By the time Darwin was born in 1809, a number of naturalists were starting to explore how different varieties of living things were related and how they could change over time. Earth seemed old enough to allow such changes to happen, but nobody knew how one species could become another species, no matter how much time was involved. One person came close but got the main idea wrong—you'll read a whole lot more about him in the next chapter. Then along came Darwin and Wallace and … here we are. Later, people like Estonian explorer Karl Ernst von Baer and philosopher Johann Goethe explored the ideas further; later still came Niles Eldredge, Stephen Jay Gould, and many others, each adding another element to the scientific story.

Darwin's idea of evolution through natural selection sparked a broader fascination with the idea of competition in the natural world. I've got a good deal more about this in chapter 8. The idea of competition inspired “social Darwinism,” which looked at competition among human populations (often in racist ways that were unrelated to what Darwin actually wrote). Meanwhile, Darwin himself got to thinking about populations: not just human populations, but populations of every species observable in nature. He saw that there is a spectrum of variation between species that comes into being slowly, tiny change by tiny change. He realized that variations happen naturally when an organism reproduces. He realized that populations of species compete for resources. And he realized that the traits that are inherited, which benefit the organism, have a greater chance of showing up in that organism's offspring, providing the engine that drives evolutionary change.

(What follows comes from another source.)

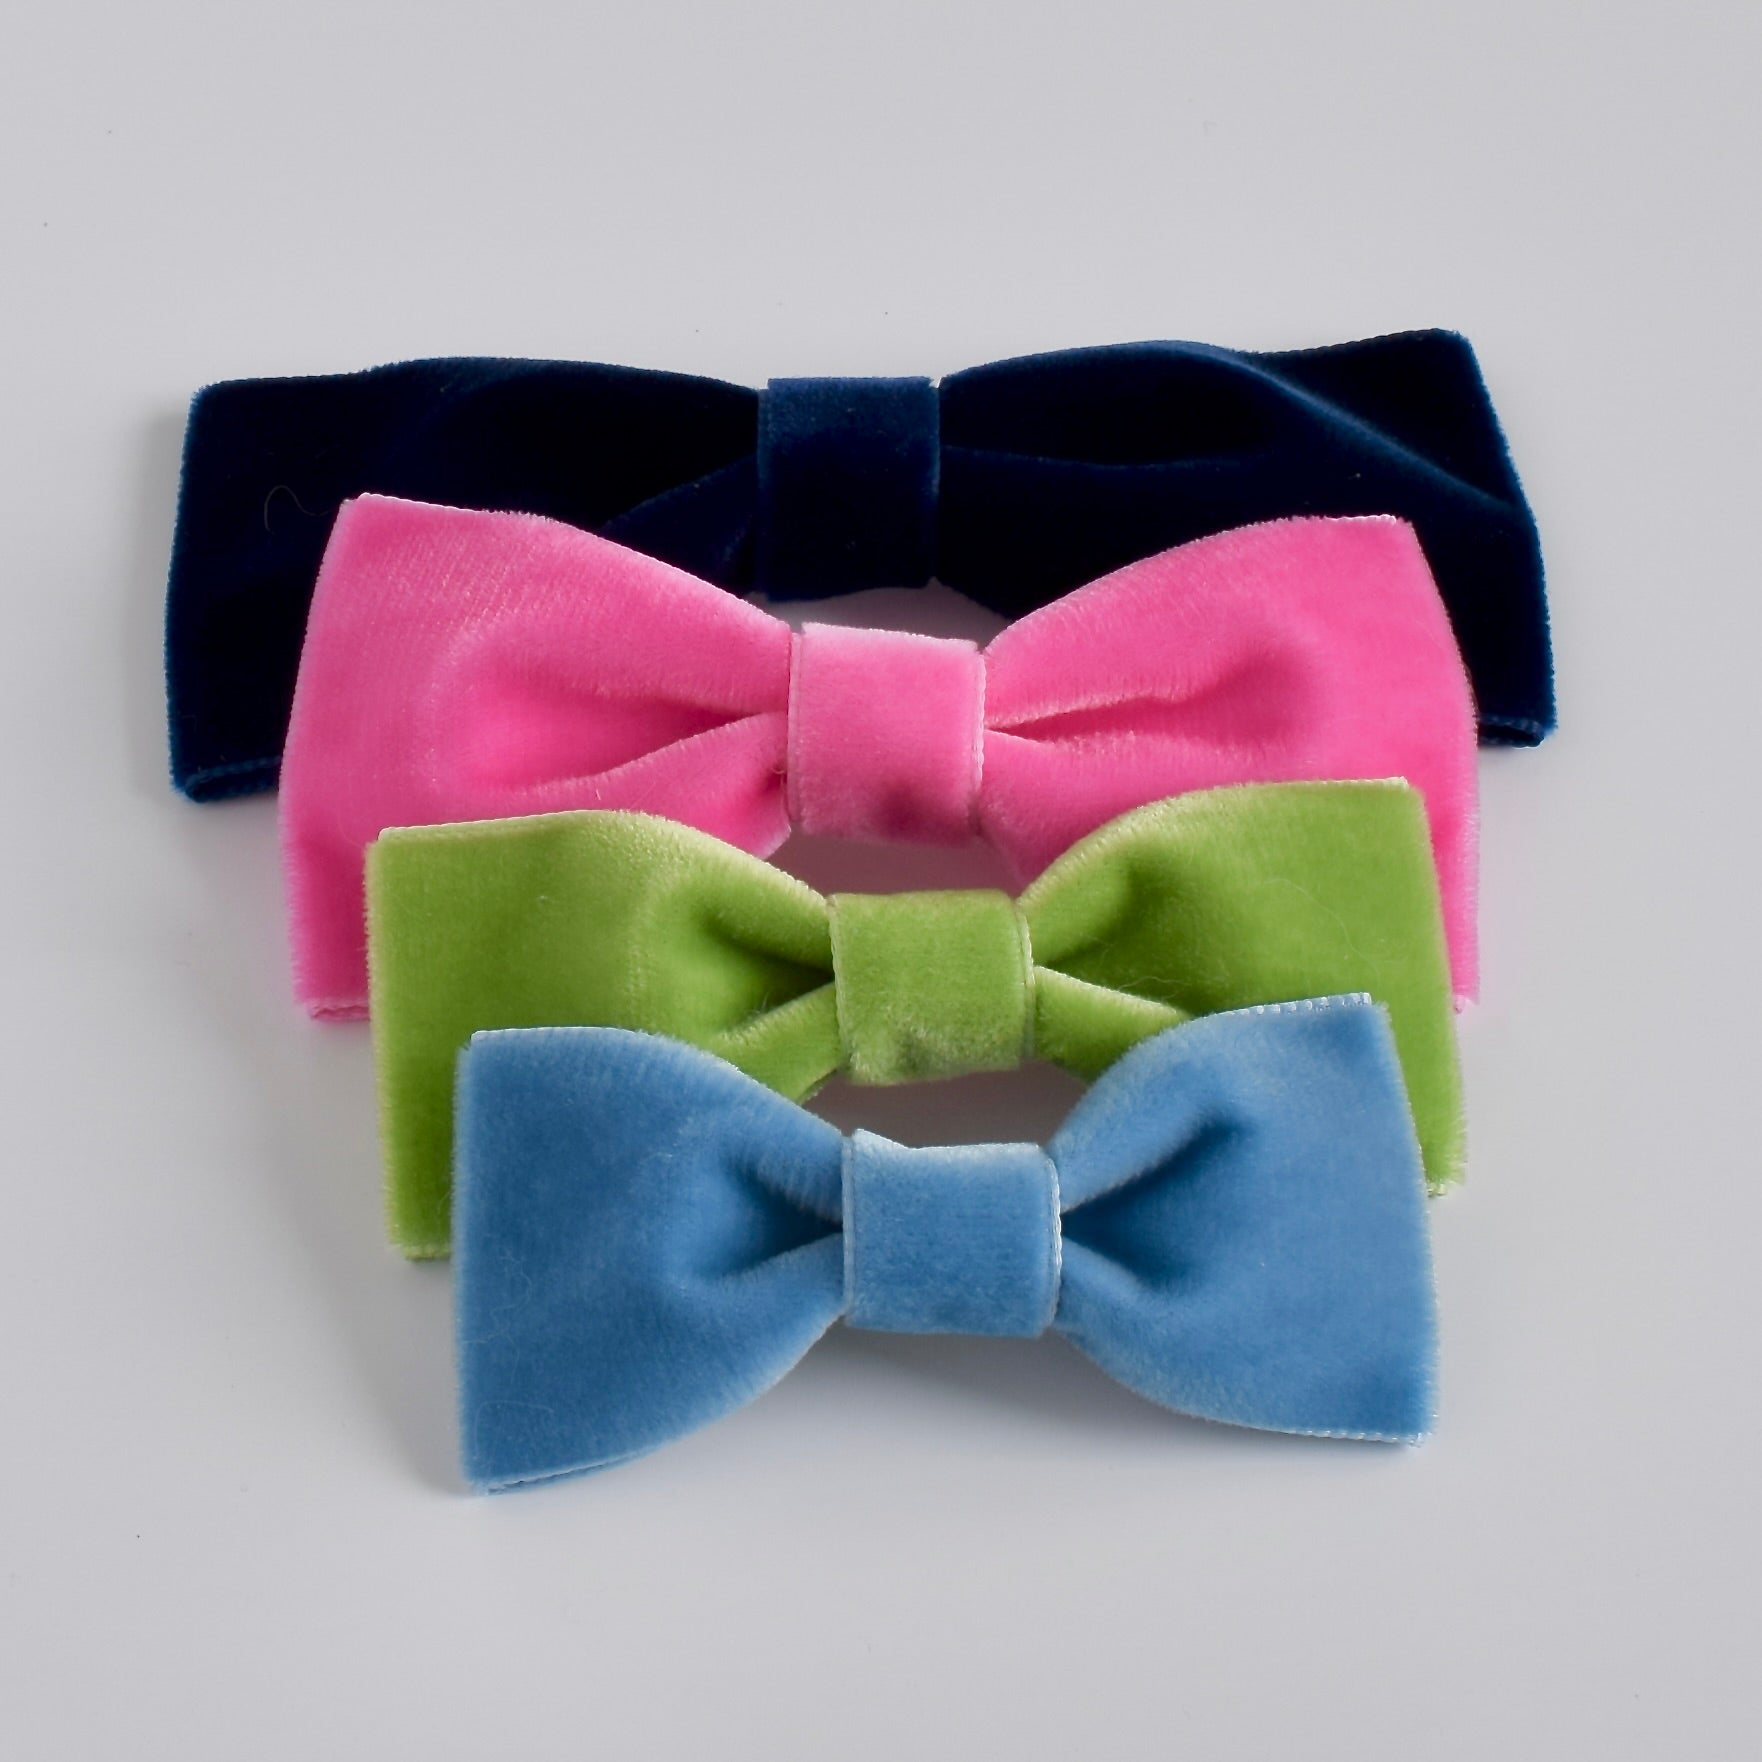 velvet bow ties in all sizes.
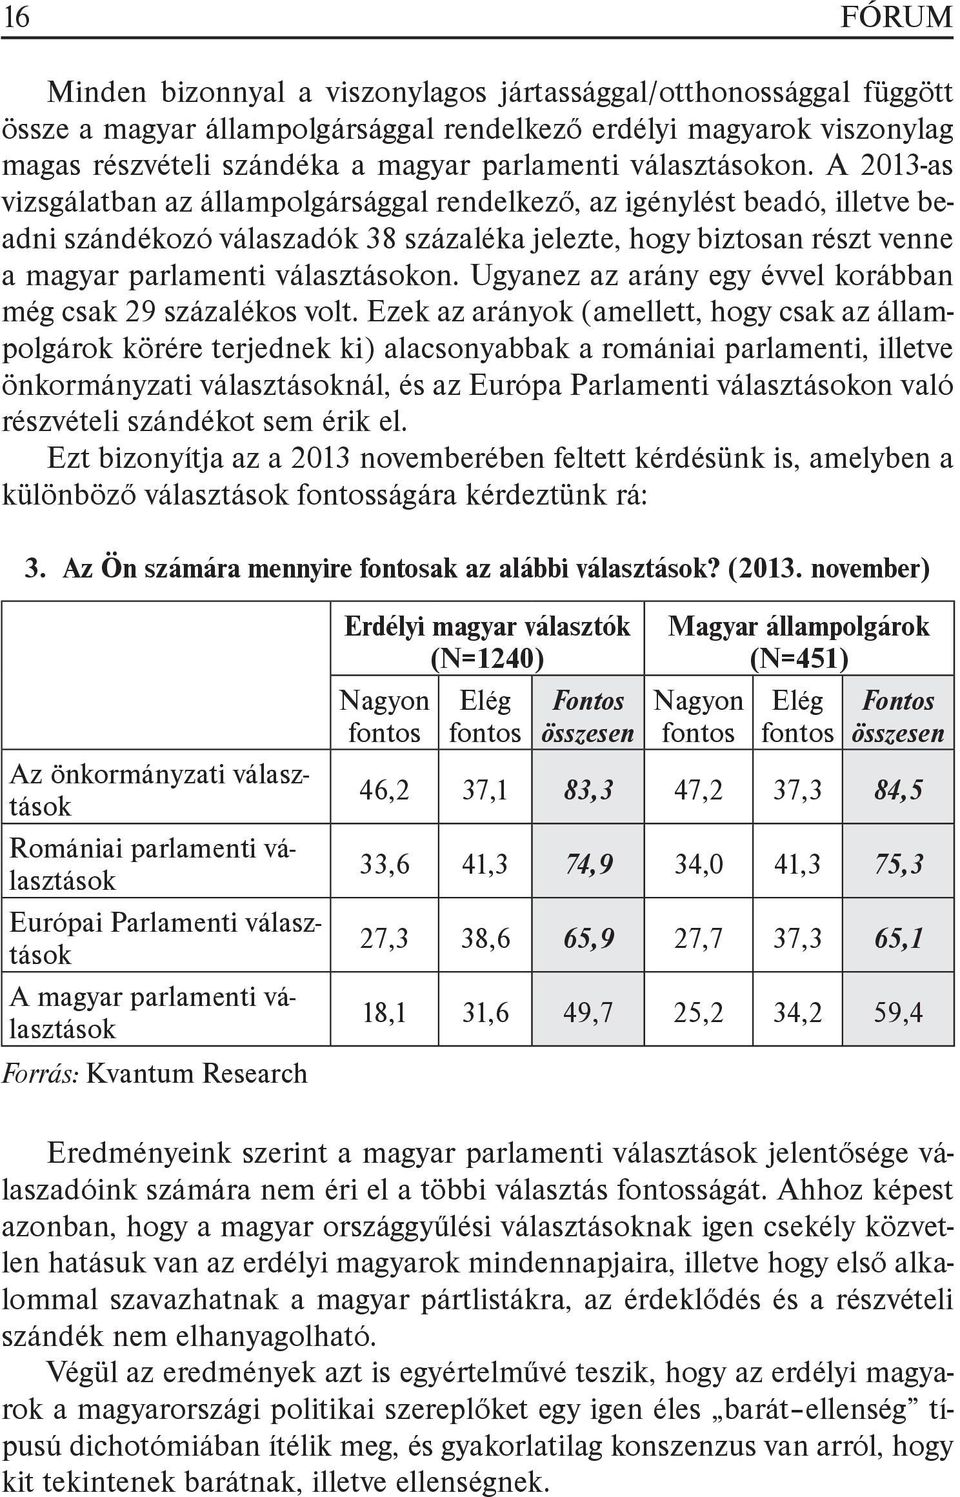 A 2013-as vizsgálatban az állampolgársággal rendelkező, az igénylést beadó, illetve beadni szándékozó válaszadók 38 százaléka jelezte, hogy biztosan részt venne a magyar parlamenti  Ugyanez az arány

Although Darwin and Wallace came upon the idea of evolution at almost the same time, I can see why we associate the theory of evolution solely with Darwin. (I'll tip my hat to Wallace in a later chapter.) Darwin's book is amazing.
On the Origin of Species by Means of Natural Selection
—that's the full title—includes dozens of diligent observations and experiments that Darwin personally conducted. It is also beautifully written. He leaves the reader to draw his or her own conclusions as to whether or not the theory of evolution is the real deal. Just for example: “On the view that each species has been independently created, with all its parts as we now see them, I can see no explanation. But on the view that groups of species have descended from other species, and have been modified through natural selection, I think we can obtain some light…”

In his writings, Darwin makes it clear that he cannot state whether or not there is a creator in charge. The idea was impossible to prove or disprove then, and it still is today. But what emerged from Darwin's steady investigations was a new view of the world that can be appreciated and understood on its own terms. Perhaps there is intelligence in charge of the universe, but Darwin's theory shows no sign of it, and has no need of it. The exquisite variety and balance that we see in nature is a result of nature itself.

I know that this realization still bothers a great many people. For me, it is stunning and uplifting. After 2,400 years of speculation, humankind has finally uncovered this fundamental aspect of nature and our place among living things. Just think what other equally revolutionary discoveries lie right around the corner.

 

7

LAMARCK AND HIS NOT-ACQUIRED TRAITS

By the time Darwin came along there were and had been a great many naturalists—what today we might call biologists—who had been paying attention to the similar shapes and functions they observed among plants and animals. Philosophers had been wrestling with the origin of life since the heyday of the ancient Greeks. Almost all had speculated on how life began, and how living things became so obviously interdependent. They observed and documented patterns in nature. Big fish need little fish. Squirrels need trees. Humans need to eat, and nature provides the groceries. But how did the great variety of living things come to be; how did we all get here?